§ 1 Scope of Application
These General Terms and Conditions govern all contracts, deliveries, and services between Hilwee GmbH (hereinafter referred to as “the Company”) and the customer.
Written form within the meaning of these GTC also includes electronic form (e-mail or digitally signed documents).
The Company enters into contracts solely on the basis of these General Terms and Conditions. The customer’s General Terms and Conditions shall not apply, even if the Company does not expressly object to them in individual cases.
§ 2 Offers and Conclusion of Contract
All offers made by the Company are non-binding and without obligation. A contract shall be deemed concluded only upon written order confirmation by Hilwee GmbH. A contract may also be deemed concluded upon delivery of the goods, where applicable. In any case, the conclusion and performance of the contract are subject to successful export-control and sanctions review by Hilwee GmbH. The Company reserves the right to reject or withdraw from any request or order without stating reasons.
§ 3 Export Controls, End-Use Compliance and Sanctions Commitment
§ 3.1 End-Use Certificate
Hilwee GmbH reserves the right to request a duly signed and stamped End-Use Certificate (EUC) from the Buyer, the final end-user or its affiliates.
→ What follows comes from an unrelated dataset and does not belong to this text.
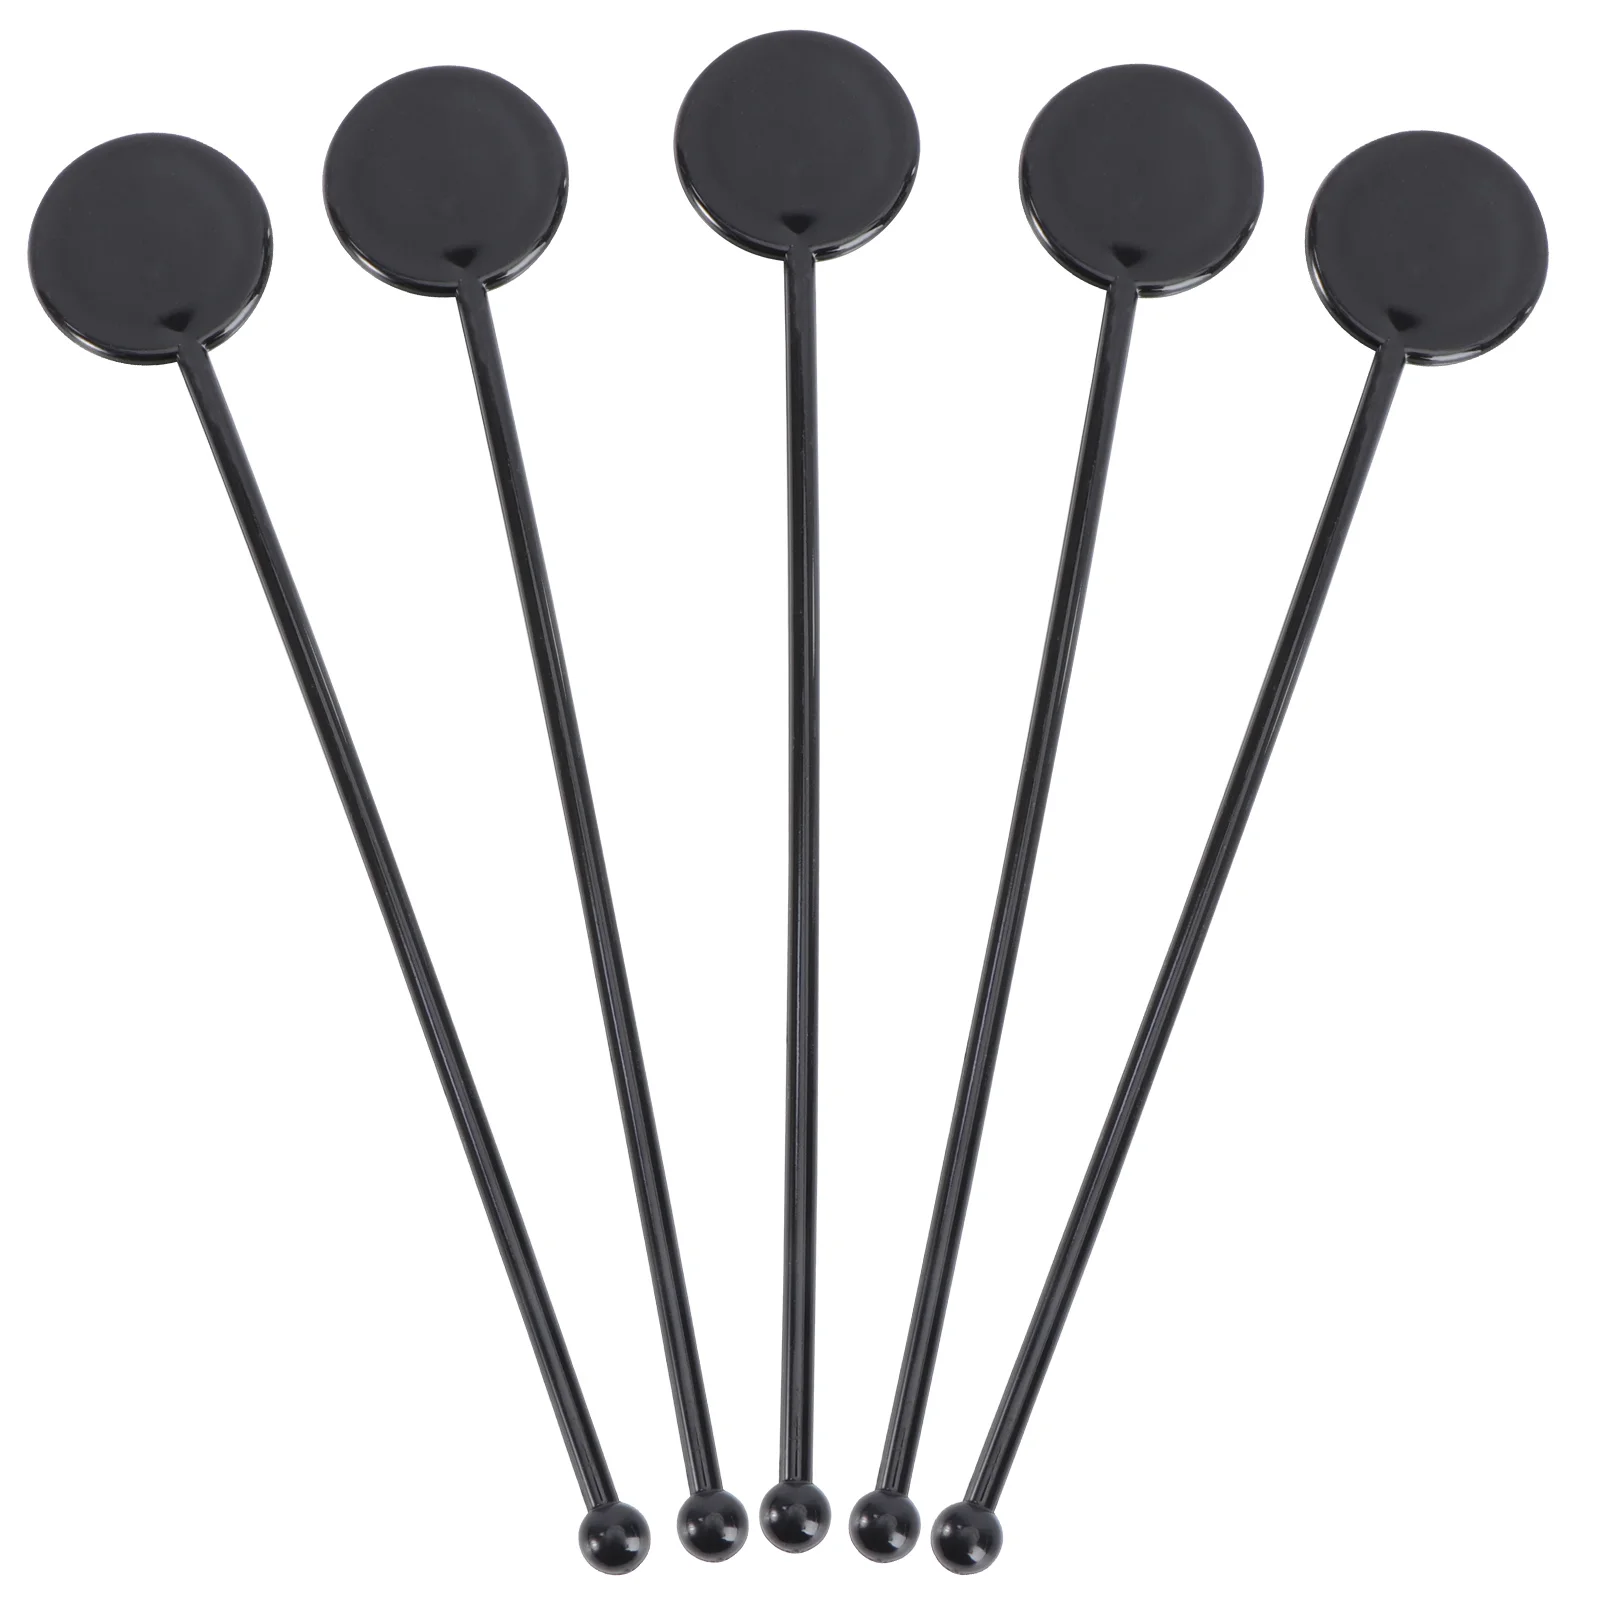 

100PCS Swizzle Sticks for Cocktails Drinks, Round Shaped Swizzle Sticks for Drinks Coffee Cocktail Stirrer for Restaurant Home

§ 3.2 End-Use Compliance and Sanctions Commitment
The Buyer acknowledges and agrees that all products, technologies, software, or services (“Products”) supplied by Hilwee GmbH may be subject to applicable national and international export-control laws, regulations, and economic-sanctions regimes, including but not limited to those of the United Nations, the European Union, the United States of America, and the respective jurisdictions of the Buyer and Seller.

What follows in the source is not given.